**SOURCE INFORMATION**

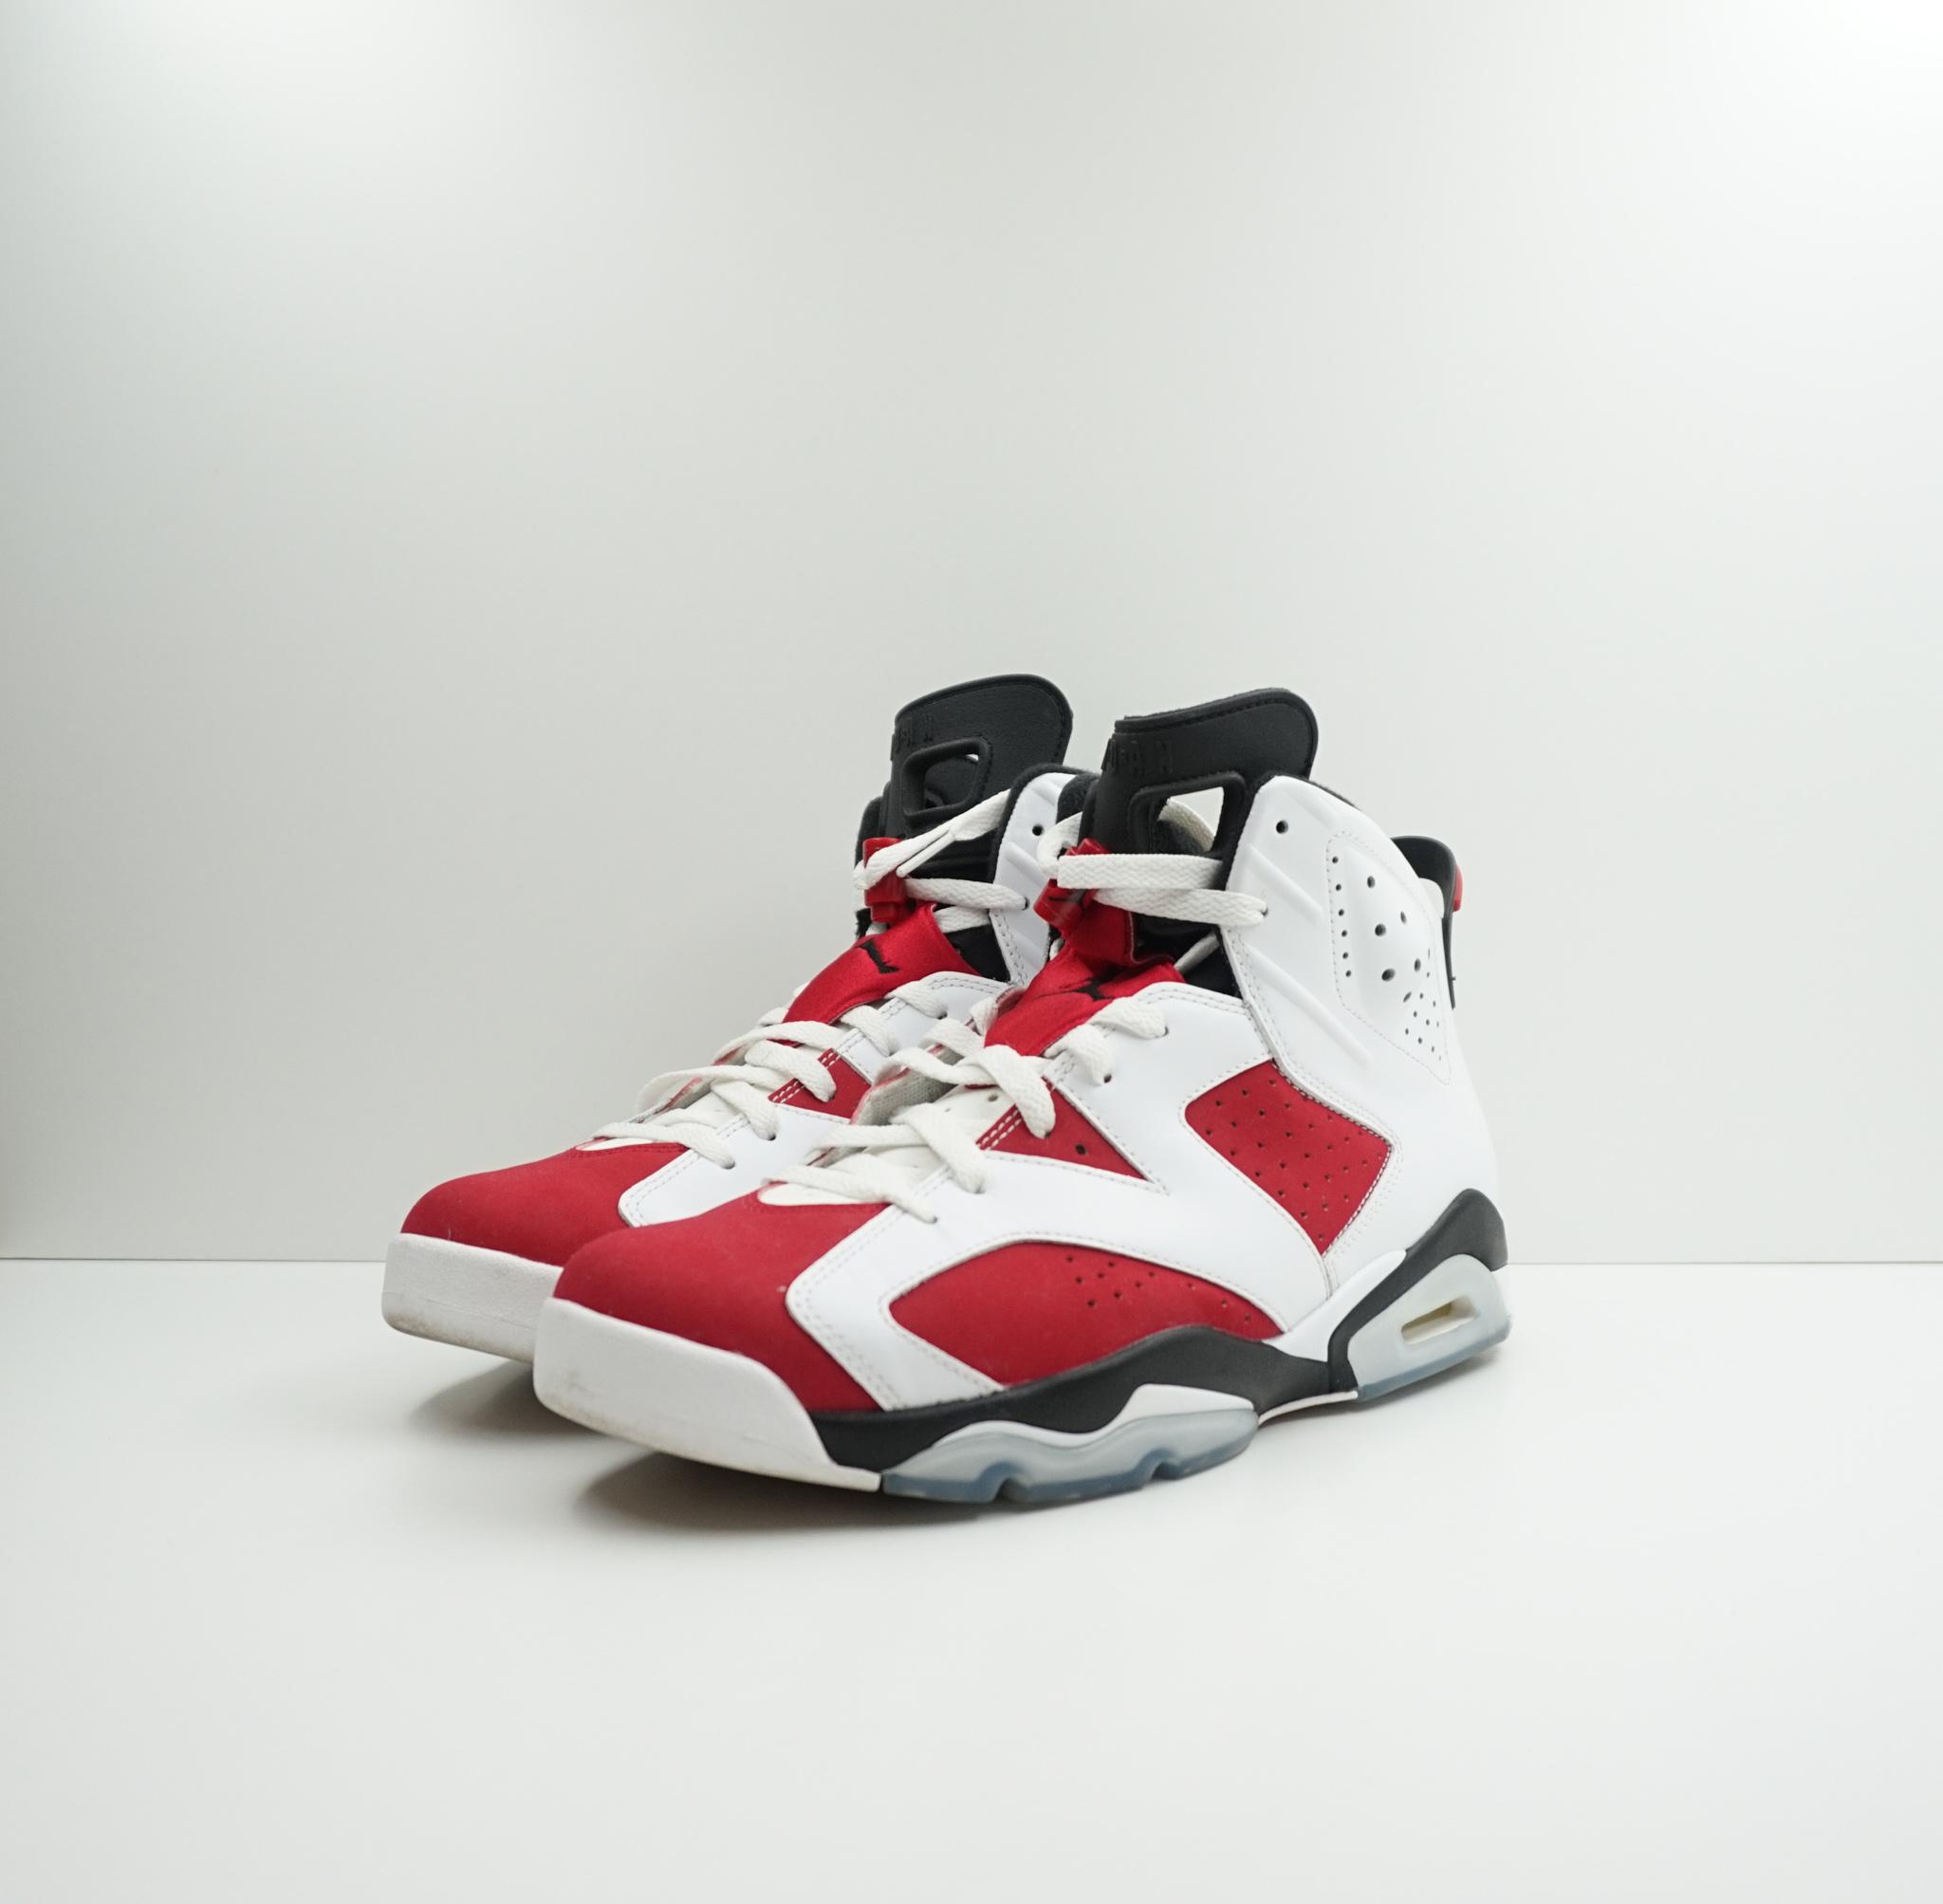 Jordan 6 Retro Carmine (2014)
* * *
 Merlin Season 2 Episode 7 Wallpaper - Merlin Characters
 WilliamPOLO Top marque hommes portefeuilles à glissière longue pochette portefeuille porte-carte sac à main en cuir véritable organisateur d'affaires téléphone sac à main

**WORK INSTRUCTIONS**
Only the lines from the one containing "Merlin Season 2" through the one containing "WilliamPOLO Top marque" are to be retyped, both boundary lines included, with no other material.

**REPLY TO THE TASK**
 Merlin Season 2 Episode 7 Wallpaper - Merlin Characters
 WilliamPOLO Top marque hommes portefeuilles à glissière longue pochette portefeuille porte-carte sac à main en cuir véritable organisateur d'affaires téléphone sac à main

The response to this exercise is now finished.